Вешние ветры вышли в поля.
Дышит открытою грудью земля.
Воздух нежней, и влажней, и сытнее.
Всякая тварь — после спячки — роднее.
В борозды важно жуки выползают.
Чёрные птицы чинно шагают.
И человек, будто жук или птица,
Каждый в своей борозде колготится.
Весь горизонт постепенно теплеет.
Сушится пашня — земля розовеет.
«Не страшно ли, не скушно ли?..»
(Б.А.)
— Отчего так скушно…
— Беспробудно спим…
— Отчего мне душно…
— Сон невыноси́м…
— Отчего так страшно…
— Близится гроза…
— Но — смотри — день ясный!
— Ты открыл глаза.
Луна светила тускло, вполнакала.
Фонарь маячил (снег во тьму кадил) —
метель ему прохода не давала,
и он остановился.

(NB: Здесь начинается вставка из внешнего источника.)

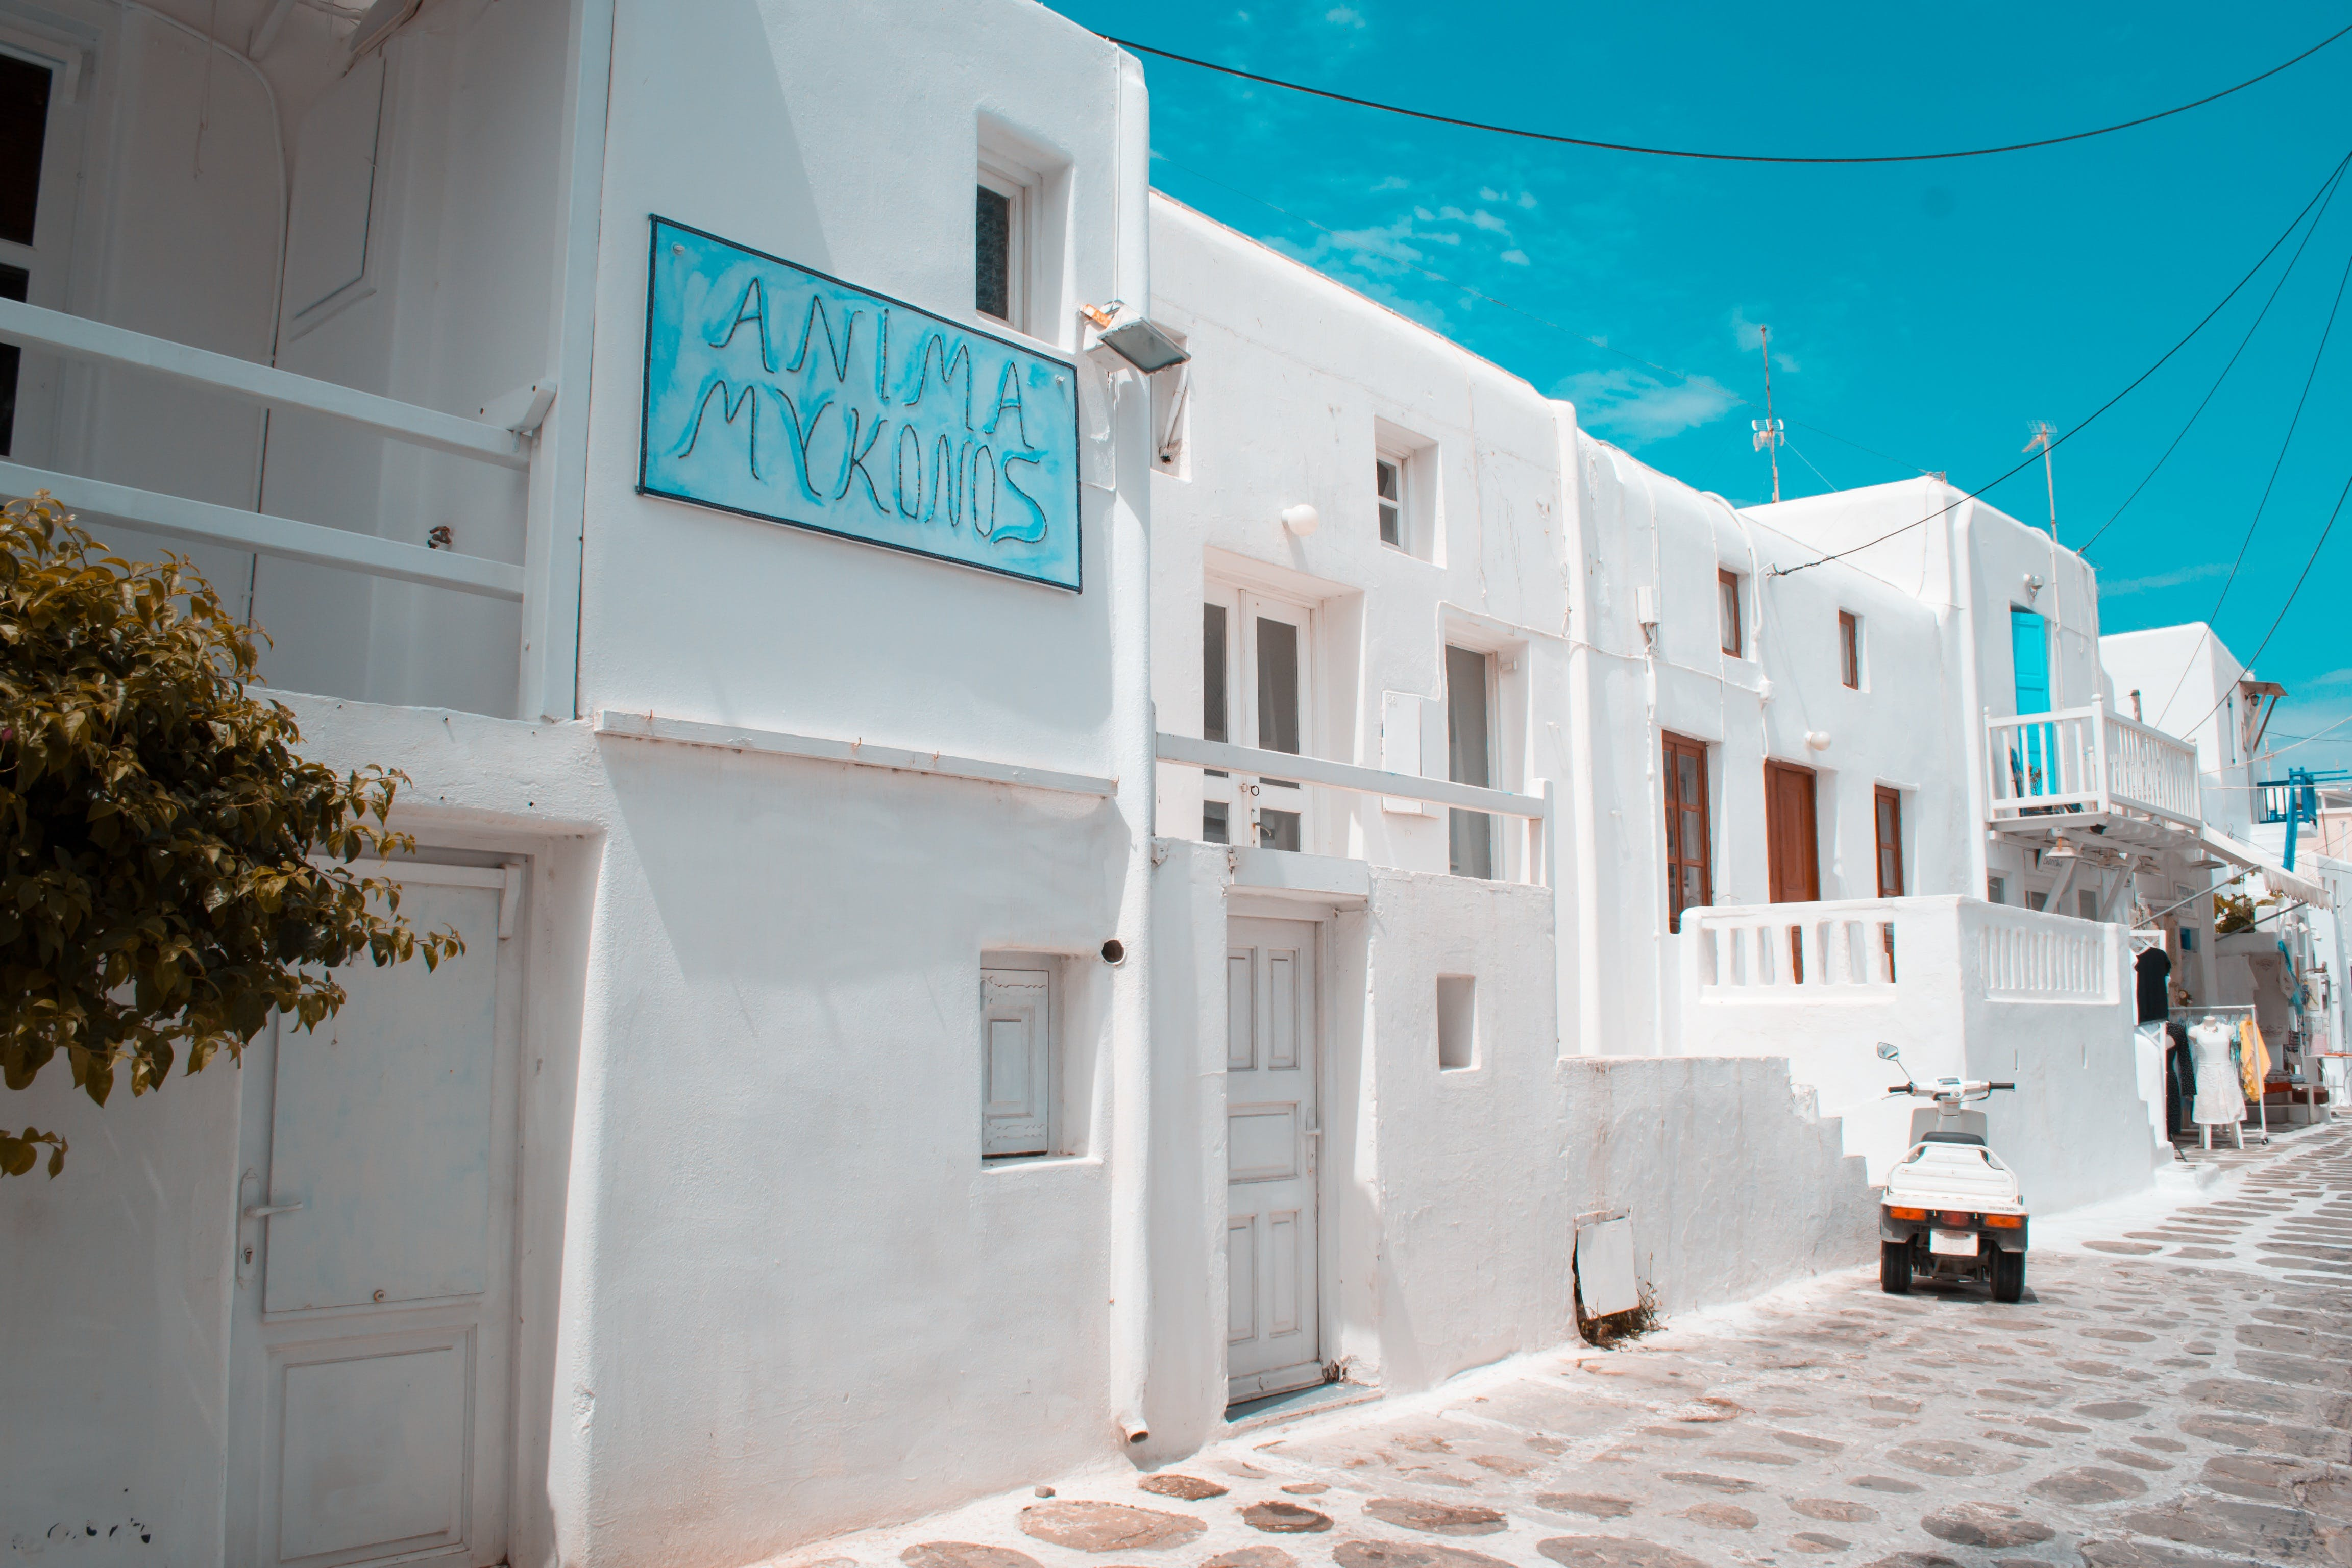 Free stock photo of destination, free images, free photos, greece

И застыл.
Светились опушённые окошки:
у каждого была своя луна,
и к каждому вели свои дорожки.
Но всем скри-пела старая сосна:
ей, знала, до весны дожить
едва ли.
И самые заветные слова
припоминала.
Но не понимали:
— Кряхтит старуха.
— Хо-ро-ши дрова!
И ветер, свирепея мутным взглядом,
швыряя всё, на что хватило сил,
задел сосну нечаянно...
И разом —
всю ночь
с её мерцаньем —
погасил.
Как ныне сбирается вещий Олег
с вещизмом хазарским покончить навек!
Отмстить неразумным — чтоб в разум приве́сть —
целебной слыла древнерусская месть.
Со многих сторон приходили за ней —
народы, что звери — находит врачей
не разум, а но́здри да ноги ведут.
Случится такое чего и не ждут.
Целители шустро, где надо прижгут,
болезни — отходят, хромые — бегут,
глядишь, векову́хи рождают дитя́ть —
опи́сают так… что и не описа́ть.
Смекай — протекает культурный обмен
друг другу, казалось бы, чуждых систем.
(Во славу — нады́бал Оле́же добра́,
свого́-не-свого́ — словом, «наша взяла́»!)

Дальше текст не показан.